If you are teaching To Kill a Mockingbird and wrestling with how to help your students make sense of it amid today’s conversations about race, economic inequality, and social justice, the first volume in our series, Using Informational Text to Teach To Kill a Mockingbird, can help. Our classroom-ready units on the relationship between Calpurnia and Scout and whether Atticus is a hero will help your students think critically about the characters and the complex world Harper Lee depicts.
If you are teaching A Raisin in the Sun, the second volume in our series will help you underscore the enduring relevance of Lorraine Hansberry’s landmark play. In it, you will find ready-to-use units on housing discrimination past and present, the violence surrounding housing desegregation, the politics of African-American women’s hair, and more.
If you are looking for ways to collaborate with your content-area colleagues around literacy, check out Connecting Across Disciplines: Collaborating with Informational Text. This volume offers practical strategies for initiating cross-disciplinary collaboration and developing students’ disciplinary literacy skills, as well as a sample unit based on a science article and an excerpt from Lord of the Flies.
If you are thinking about how to revamp your curriculum, our website and our blog feature resources and strategies for finding great informational texts that relate to any literary work you may be teaching and using them successfully in your classroom. We also offer ideas for teaching key vocabulary in meaningful and engaging ways and using multimedia together with written informational texts. Check out our sample units based on Mockingbird for models.
If you’d like hands-on training in our approach to using informational text, contact us about scheduling a professional development session in your school or district. We offer half-day and full-day workshops for both English and/or content-area teachers. If you are in New Jersey, we look forward to seeing you at NJEA in November. Otherwise, we hope to see you at NCTE and CEL in St. Louis.

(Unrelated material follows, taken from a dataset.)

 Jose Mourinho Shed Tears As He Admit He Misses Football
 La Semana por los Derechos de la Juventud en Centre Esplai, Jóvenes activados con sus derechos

In anticipation of this new volume, we have also reorganized the resources on our website. You will now find teacher resources and student resources on separate pages. The Teacher Resources page features rubrics, graphic organizers, sample answers, and sample units that you can download and adapt as you wish. The Student Resources page contains all of the graphic organizers that appear in our books so that you can link directly to them from your own class website.
We hope our resources will help you create rewarding learning experiences for you and your students. If you use any of our materials, please send us your feedback. We would also greatly appreciate it if you would post a review on Goodreads or Amazon. Thank you again for your interest and support!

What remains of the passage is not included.